Pewien mieszkaniec Zielonej Góry postanowił kupić zdrapkę za 5 zł z nadzieją na dużą wygraną. Jego przeczucie okazało się trafne – okazało się, że miał szczęście, a gra zapewniła mu bardzo duży zastrzyk pieniędzy.
W naszym kraju sporo osób próbuje swojego szczęścia w zdrapkach. Jeden z mieszkańców Zielonej Góry zdecydował się na taki krok i kupił los „Duuużo kasy” przy ulic Węgierskiej za kwotę zaledwie pięciu złotych.
– Po zdrapaniu warstwy farby, pod którą kryły się tajemnicze liczby, okazało się, że zielonogórzanin pomnożył zainwestowaną pięciozłotówkę aż 40 tysięcy razy. Zgarnął bowiem jedną z pięciu głównych wygranych o wartości 200 tysięcy złotych! – relacjonuje „Super Express”.
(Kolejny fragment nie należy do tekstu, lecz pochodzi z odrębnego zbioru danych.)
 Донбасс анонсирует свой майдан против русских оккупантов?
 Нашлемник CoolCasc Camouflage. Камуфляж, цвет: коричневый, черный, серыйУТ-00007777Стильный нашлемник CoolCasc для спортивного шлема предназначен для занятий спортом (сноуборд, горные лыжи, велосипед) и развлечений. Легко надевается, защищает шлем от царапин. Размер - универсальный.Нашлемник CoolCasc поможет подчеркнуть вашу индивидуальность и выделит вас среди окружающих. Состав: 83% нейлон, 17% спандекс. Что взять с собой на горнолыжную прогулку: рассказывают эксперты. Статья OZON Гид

Nie da się ukryć, że mężczyzna miał mnóstwo szczęścia. Wiele osób, które próbują dorobić się na grach liczbowych i zdrapkach kończy jedynie na nadziejach. Mieszkańcowi Zielonej Góry los jednak sprzyjał.
Warto jednocześnie pamiętać, że wszelkiego rodzaju gry liczbowe mogą być problematyczne. Dość łatwo można popaść w uzależnienie, które w konsekwencji może doprowadzić do sporych problemów finansowych.